* **PROVIDED INFORMATION**
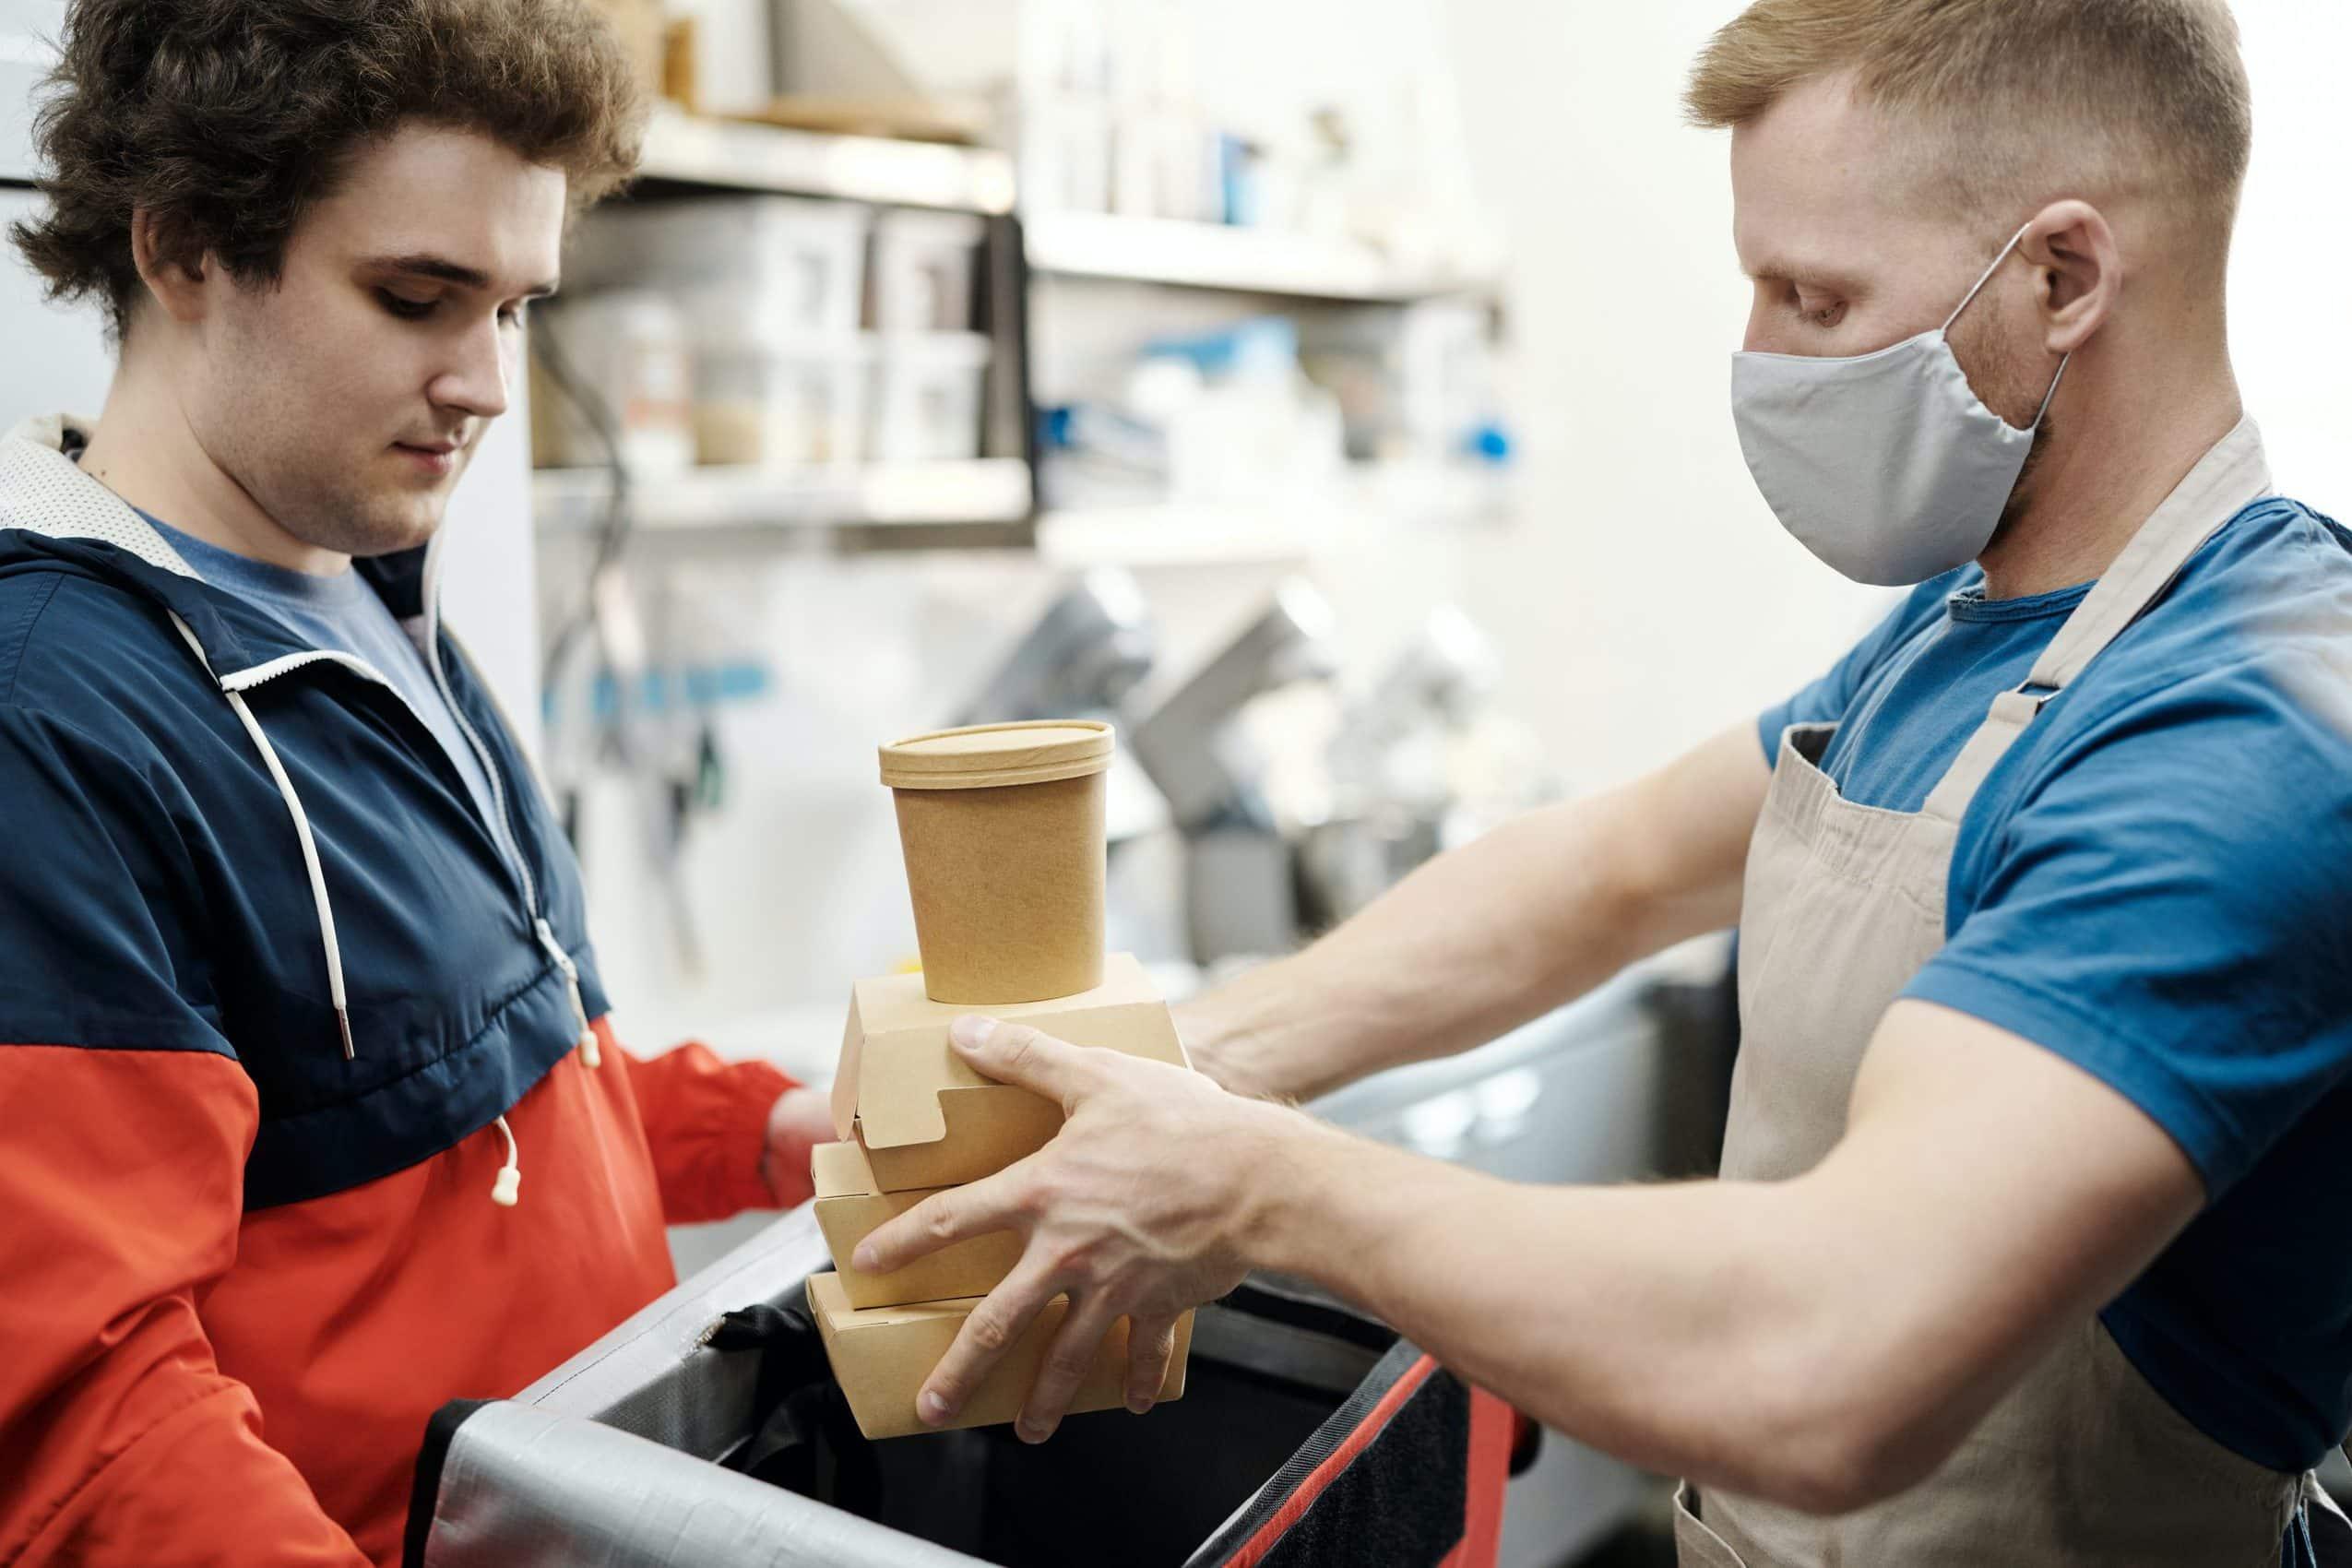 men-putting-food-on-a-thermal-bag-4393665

--

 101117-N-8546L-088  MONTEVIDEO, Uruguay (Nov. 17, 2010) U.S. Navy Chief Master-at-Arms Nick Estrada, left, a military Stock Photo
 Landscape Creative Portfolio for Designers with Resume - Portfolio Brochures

...

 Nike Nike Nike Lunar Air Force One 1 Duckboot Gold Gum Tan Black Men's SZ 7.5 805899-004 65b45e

* **EXERCISE REQUIREMENTS**
All lines in the listing above between the line with "military Stock Photo" and the line with "Landscape Creative Portfolio", inclusive, should be set down exactly, and no line outside that range.

* **RESULT FOR THIS EXERCISE**
 101117-N-8546L-088  MONTEVIDEO, Uruguay (Nov. 17, 2010) U.S. Navy Chief Master-at-Arms Nick Estrada, left, a military Stock Photo
 Landscape Creative Portfolio for Designers with Resume - Portfolio Brochures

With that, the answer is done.